What is Vector Packet Processing (VPP)?
The VPP platform is an extensible framework that provides out-of-the-box production quality switch/router functionality. It is the open source version of Cisco's Vector Packet Processing (VPP) technology. This a high performance, packet-processing stack that can run on commodity CPUs. The framework allows anyone to "plug in" new graph nodes without the need to change core/kernel code.
The VPP platform is built on a ‘packet processing graph’. This modular approach means that anyone can ‘plugin’ new graph nodes. Extensibility then becomes rather simple, and it means that plugins can be customized for specific purposes.
Why is it called vector processing? VPP uses vector processing as opposed to scalar processing. Scalar packet processing refers to the processing of one packet at a time. That older, traditional approach entails processing an interrupt, and traversing the call stack (a calls b calls c... return return return from the nested calls... then return from Interrupt). That process then does one of 3 things: punt, drop, or rewrite/forward the packet.
The problem with that traditional scalar packet processing is:
- thrashing occurs in the I-cache (instruction cache)
- each packet incurs an identical set of I-cache misses
- no workaround to the above except to provide larger caches
By contrast, vector processing processes more than one packet at a time.
One of the benefits of the vector approach is that it fixes the I-cache thrashing problem.
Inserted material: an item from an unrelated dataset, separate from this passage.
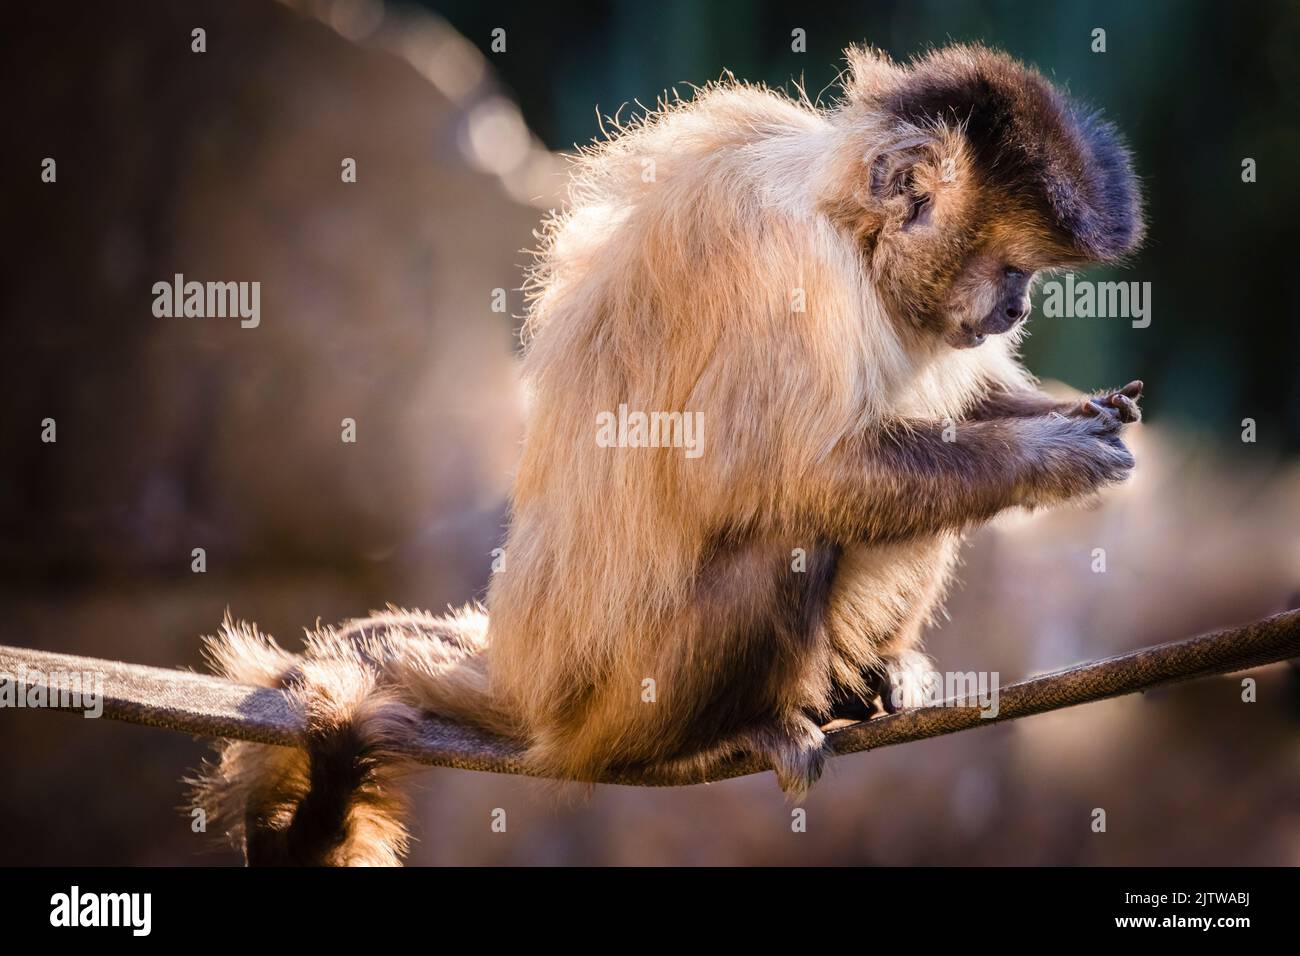 Scimmia sedersi a guardare la sua midia sociale sul cellulare, Pantanal, Brasile Foto Stock
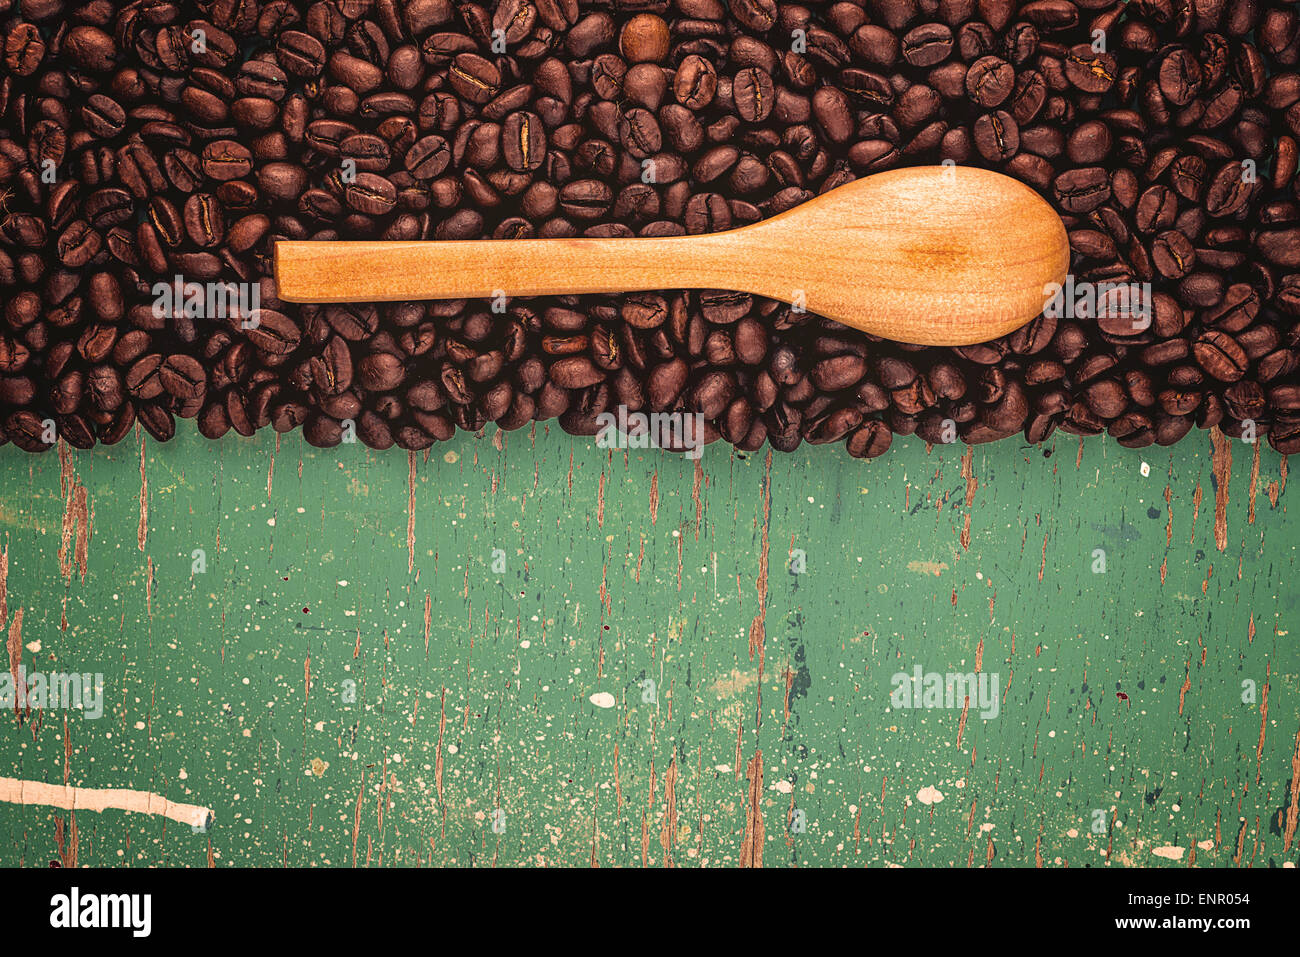 Les grains de café Roasted Brown et cuillère en bois rustique sur la planche en bois Grunge Background Conseil Banque D'Images

It also mitigates the dependent read latency problem (pre-fetching eliminates the latency).
This approach fixes the issues related to stack depth / D-cache (data cache) misses on stack addresses. It improves "circuit time". The "circuit" is the cycle of grabbing all available packets from the device RX ring, forming a "frame" (vector) that consists of packet indices in RX order, running the packets through a directed graph of nodes, and returning to the RX ring. As processing of packets continues, the circuit time reaches a stable equilibrium based on the offered load.
As the vector size increases, processing cost per packet decreases because you are amortizing the I-cache misses over a larger N.